Istishab merupakan suatu ketetapan atau lebih kepada sebuah penegas bagi hukum yang telah ada, sebelum adanya hukum yang baru yang menggantikan hukum yang lama. Dalam hal inipun terdapat perbedaan diantara para ulama fiqh. Golongan yang menggunakan Istishab dalam menyelesaikan masalah dipelopori oleh ulama Syafi’iyah antara lain Al-Muzani, Al-Syairafi, dan Al-Ghozali. Sedangkan golongan yang menolak dipelopori oleh mayoritas madzhab Hanafiyyah.
Memang terjadi pertentangan para ulama fiqh mengenai metode dalam penyelesaian masalah. Dari hal tersebut kita bisa membandingkan bagaimanakah cara yang terbaik dan harus kita ambil dalam menyelesaikan masalah yang kita hadapi.






DAFTAR PUSTAKA


Asmawi. 2011. Perbandingan Ushul Fiqh. Jakarta: Sinar Grafika Offest.
Muin Umar, Asymuni A. Rahman, dkk. 1986. Ushul Fiqh.

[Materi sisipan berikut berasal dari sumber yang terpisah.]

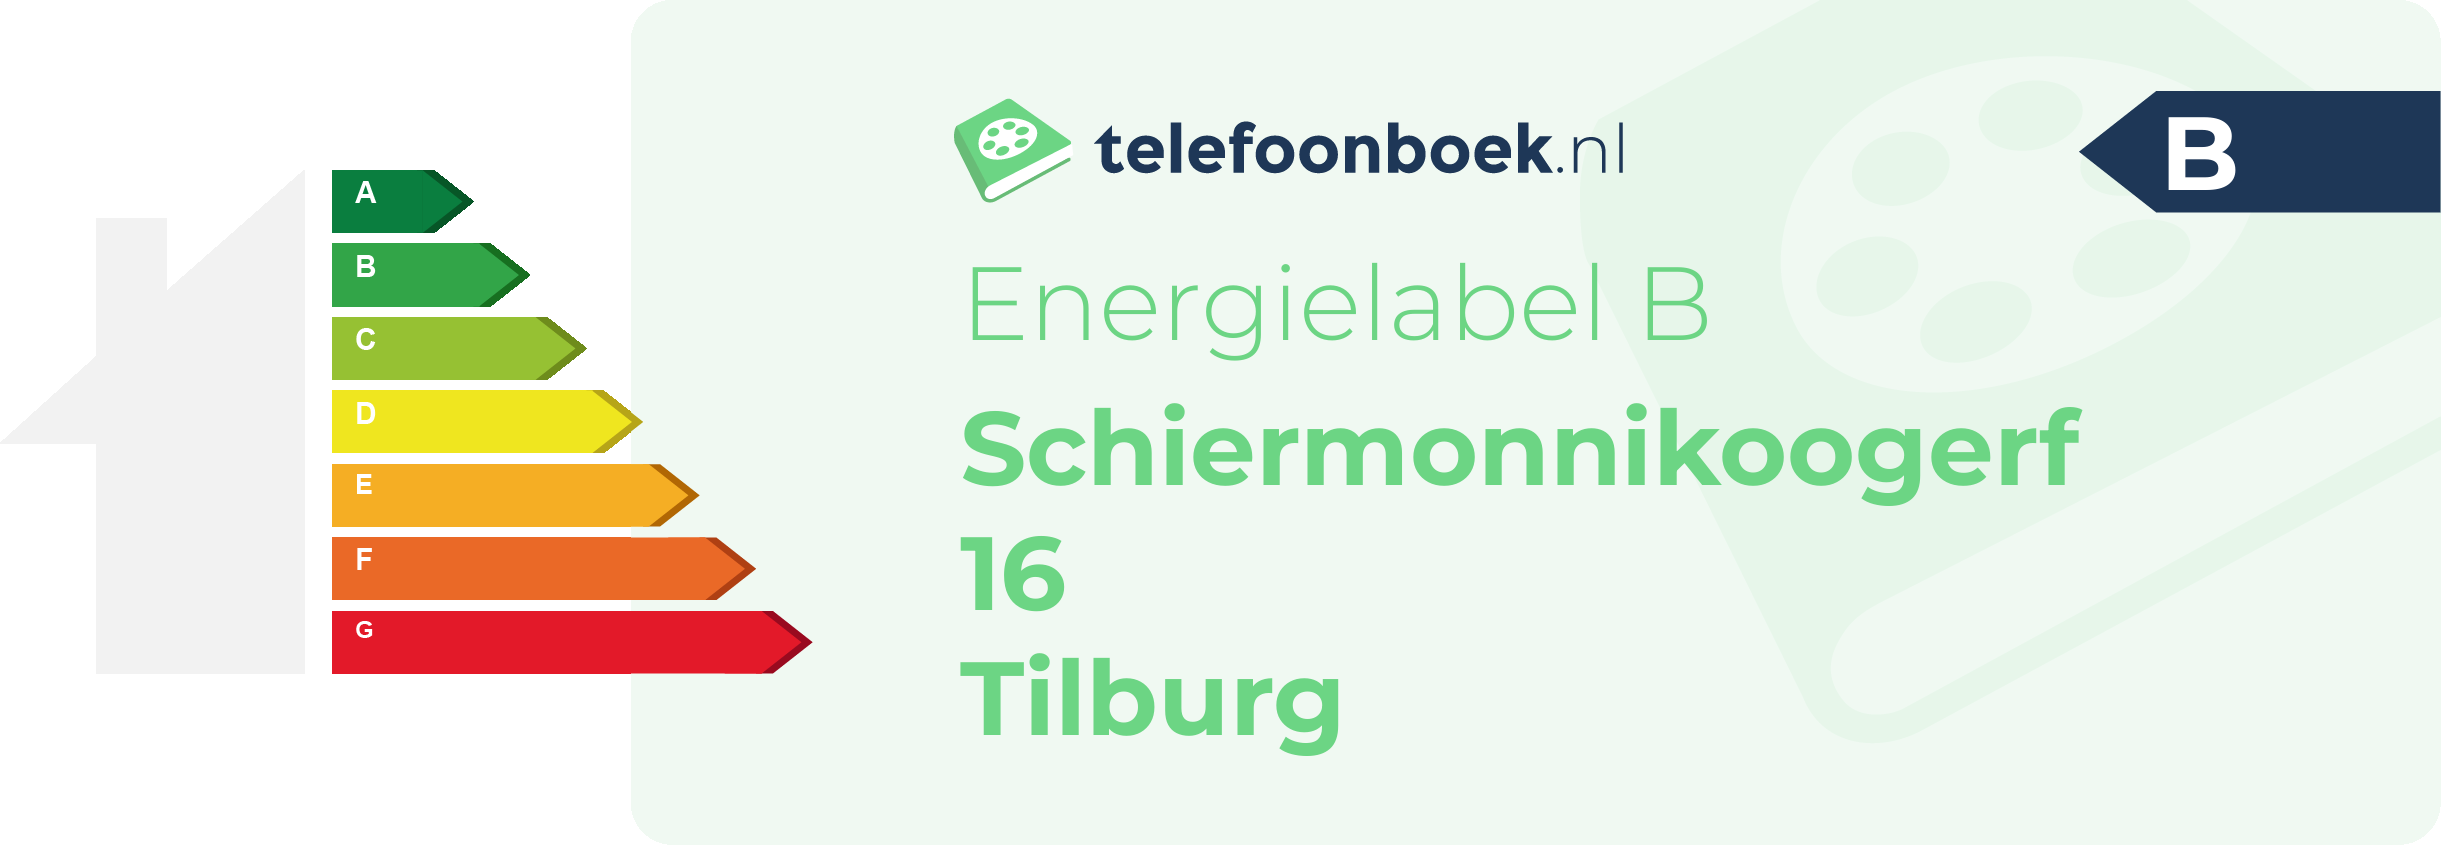 Energielabel Schiermonnikoogerf 16 Tilburg

Jakarta: Direktorat Jenderal Pembinaan Kelembagaan Agama Islam, Departemen Agama.


[1] Asmawi, Perbandingan Ushul Fiqh, (Jakarta: Sinar Grafika Offest, 2011), hal. 142.
[2] Muin Umar, Asymuni A. Rahman, dkk., Ushul Fiqh, (Jakarta: Direktorat Jenderal Pembinaan Kelembagaan Agama Islam, Departemen Agama, 1986), Hal. 159-160.
[3] Asmawi, loc. cit. hal. 143-146.
[4] Ibid., hal. 146.
[5] Ibid., hal. 152.
[6] Muin Umar, Asymuni A. Rahman, dkk., loc. cit., hal. 155.
[7] Asmawi, loc. cit., hal. 153-155.